厚労省が福岡のクリニックに緊急命令 再生医療の継続で患者安全に重大な懸念
厚生労働省は4月21日、自由診療の再生医療において患者が死亡した事案を受け、「トリニティクリニック福岡」(福岡市)に対して、再生医療安全性確保法に基づく緊急命令を発令しました。この命令は、同クリニックが厚労省の治療停止要請を無視して医療行為を継続していたことを受けたものです。
患者死亡と繰り返される要請無視
問題の発端は、今年3月に「ネオポリス診療所銀座クリニック」(東京都中央区)で発生した死亡事故です。慢性疼痛の治療として自身の脂肪由来の細胞を投与された外国籍の60代女性が亡くなりました。この細胞は、韓国・ソウルにある「RBio幹細胞培養センター」で加工されたものでした。
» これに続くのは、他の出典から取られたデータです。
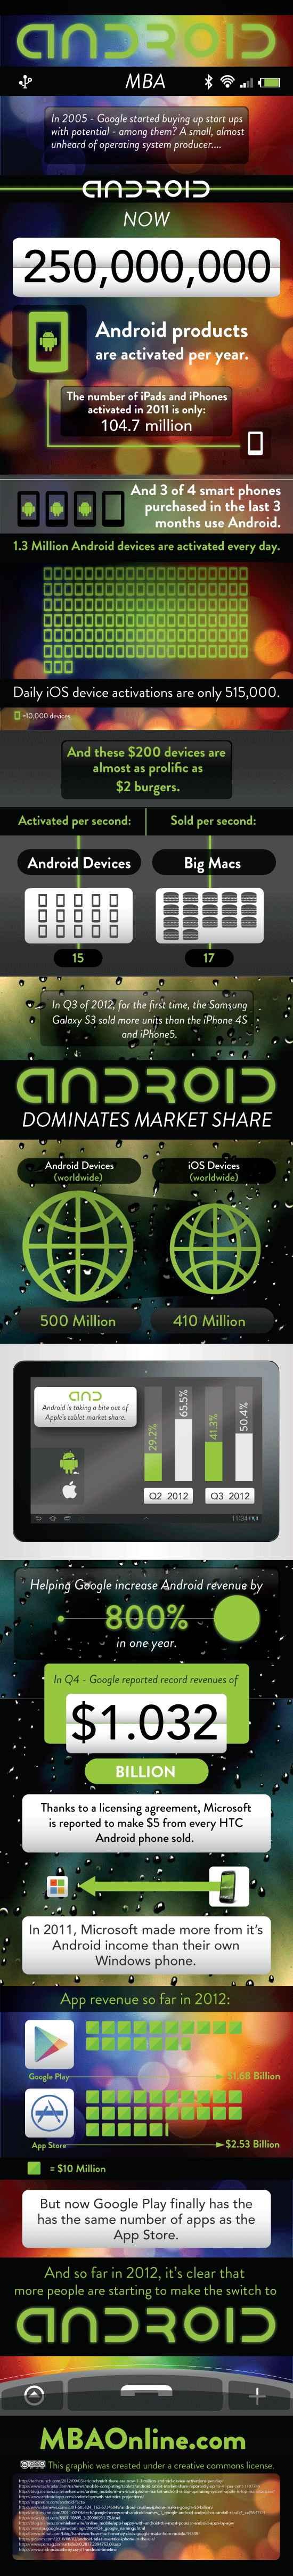 Android superando a iOS dentro de poco
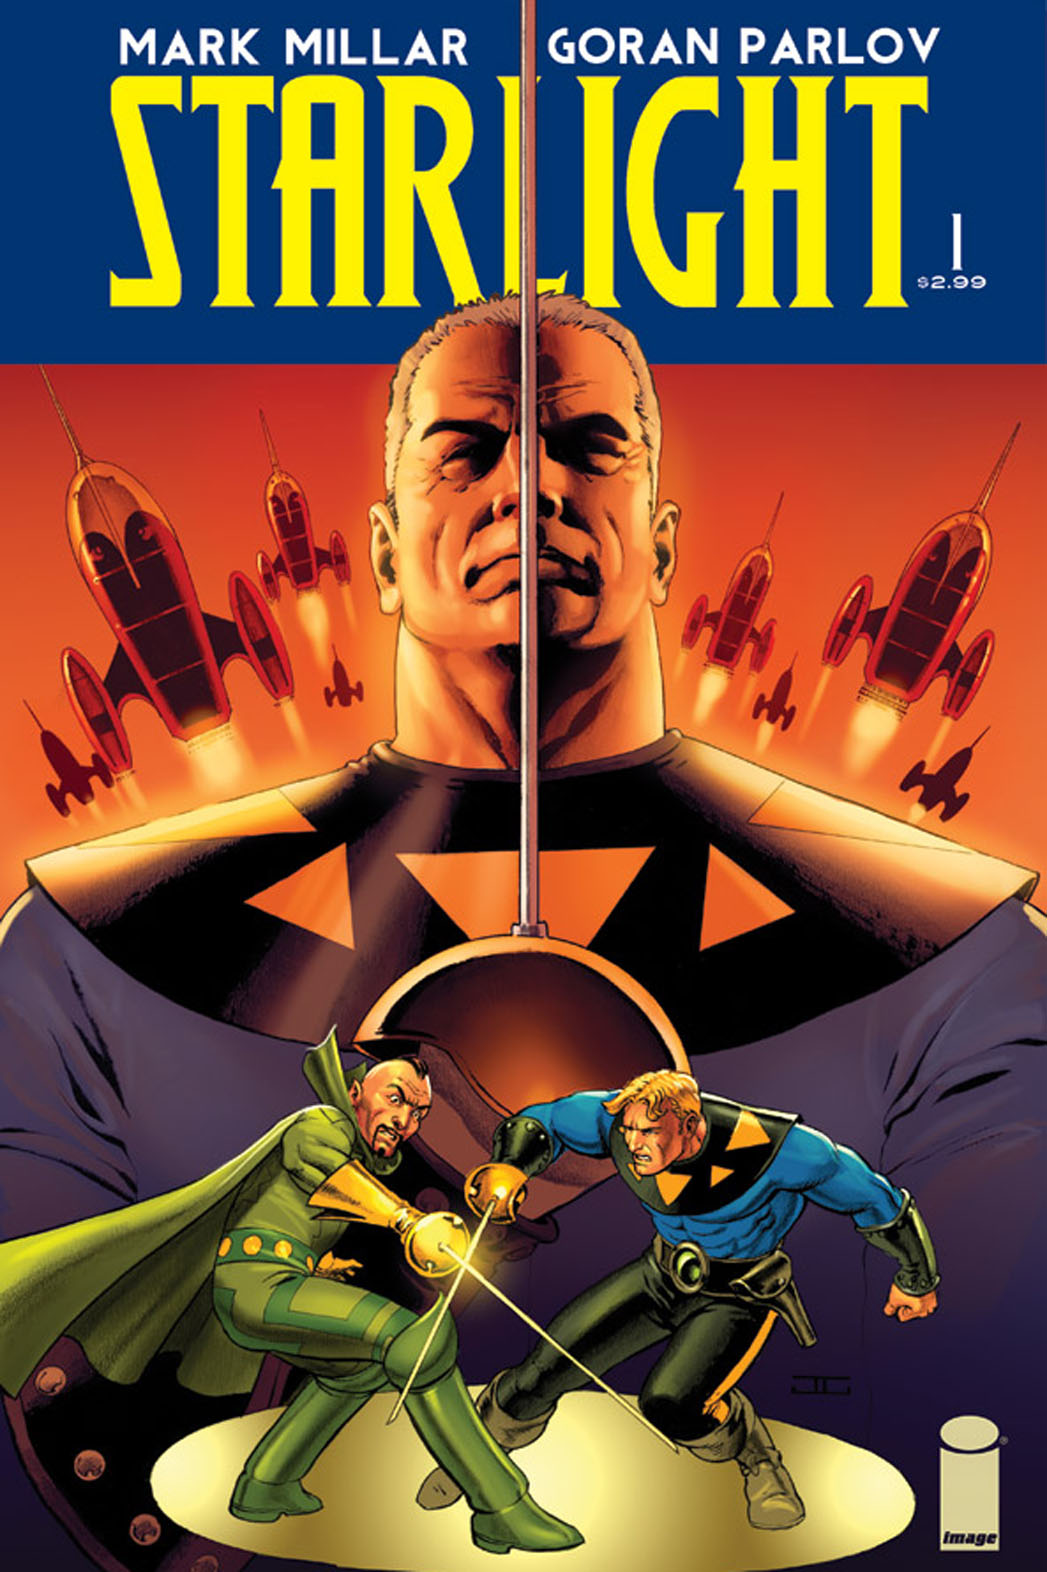 Starlight Cover Art - P 2014

厚労省は同月、国内の6クリニックに対して、RBioセンターの細胞を治療に使用しないよう要請しました。さらに、同様の細胞投与後に一過性脳虚血の疑いで入院する事例が判明したため、4月17日には再度、治療中止を求める要請を行っています。
クリニックの対応と過去の問題
しかし、トリニティクリニック福岡は4月18日にもRBioセンターの細胞を使用した治療を実施していたことが明らかになりました。これにより、厚労省は法的拘束力のある緊急命令を出すに至ったのです。
さらに調査が進む中で、2023年に同様の治療を受けた後、少なくとも5人の外国籍患者が体調不良を訴えていたにもかかわらず、クリニックがこれを報告していなかった事実も浮かび上がりました。この報告義務違反は、患者の安全確保という観点から重大な問題です。
再生医療の安全性確保に向けた課題
今回の一連の事態は、自由診療として行われる再生医療における安全性確保の難しさを浮き彫りにしています。厚労省の要請が法的強制力を持たない場合、クリニックが自主的に従うことを期待するだけでは不十分であることが露呈しました。
現在、厚労省は以下の点を中心に対応を進めています:
- 緊急命令に基づくトリニティクリニック福岡の治療一時停止の徹底
- 他のクリニックに対するRBioセンター細胞使用の有無の確認
- 再生医療安全性確保法に基づく報告体制の強化策の検討
患者の生命と健康を守るためには、規制の実効性向上と医療機関の倫理的対応が不可欠です。今回の緊急命令は、そのための重要な一歩となることが期待されます。